Auch das wissenschaftliche Programm war mit 167 Postern und 42 Kurzvorträgen prall gefüllt. Eingebunden waren diese in einem Rahmen aus sechs attraktiven Plenarvorträgen. Damit boten sich beste Gelegenheiten zu aktivem wissenschaftlichem Austausch. Im Melanchtonianum waren 24 Firmen mit ihren Ständen vertreten und ermöglichten den Teilnehmern Orientierung auf dem dynamischen Markt von Geräten und Methoden. Traditionell wurden vor Tagungsbeginn kurze Workshops angeboten, die auch wieder auf gute Resonanz stießen. So nahmen 14 Besucher an „Elemental Mass Spectrometry and Proteomics“ organisiert von J. Sabine Becker (Jülich), 28 an „Bioaffinity Mass Spectrometry in Life Science and Biomedical Analysis“ unter Leitung von Michael Przybylski (Konstanz) und Michael Glocker (Rostock), 31 an „Computational Mass Spectrometry“ geleitet von Steffen Neumann (IPB Halle) sowie 33 an „Grundlagen der Massenspektrometrie“ unter der Federführung von Dietmar Kuck (Bielefeld) und Mathias Schäfer (Köln) teil.
Tagungseröffnung
Im Audimax der Universität Halle-Wittenberg begrüßte DGMS-Vorsitzender Jürgen Grotemeyer die Tagungsteilnehmer zur 43. Jahrestagung. Auch die örtlichen Organisatoren, Andrea Sinz (Institut für Pharmazie der Uni Halle-Wittenberg) und Jürgen Schmidt (Leibniz-Institut für Pflanzenbiochemie) freuten sich sichtlich, dass die lange Vorbereitung nun in den Beginn der Tagung mündete. Ein Grußwort des Prorektors für Forschung und wissenschaftlichen Nachwuchs, Joachim Ulrich, folgte. Für den kulturellen Teil der Tagungseröffnung sorgte das Streichquartett „Concentus musicus“ mit gelungenen Interpretationen einiger Werke von Händel (Wassermusik), Bach (Air), Mozart, Brahms und Scott Joplin.

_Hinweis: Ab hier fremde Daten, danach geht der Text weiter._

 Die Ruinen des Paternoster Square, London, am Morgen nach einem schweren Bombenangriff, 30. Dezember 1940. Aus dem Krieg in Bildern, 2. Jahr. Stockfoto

Verleihung der Ehrenmedaille der DGMS und Wolfgang-Paul-Vortrag
Die Ehrenmedaille der DGMS verlieh der DGMS-Vorsitzende Jürgen Grotemeyer (Uni Kiel) an Hans-Joachim Dietze (ehem. Forschungszentrum Jülich) für seine Verdienste um die Zusammenführung der MS-Gesellschaften bei der deutschen Wiedervereinigung und um die DGMS. Aufgrund einer Erkrankung seiner Frau konnte er jedoch unglücklicherweise die besondere Ehrung nicht persönlich entgegennehmen. Daher nahm seine langjährige wissenschaftliche Wegbegleiterin J. Sabine Becker die Urkunde und die silberne Medaille mit Namensgravur stellvertretend entgegen.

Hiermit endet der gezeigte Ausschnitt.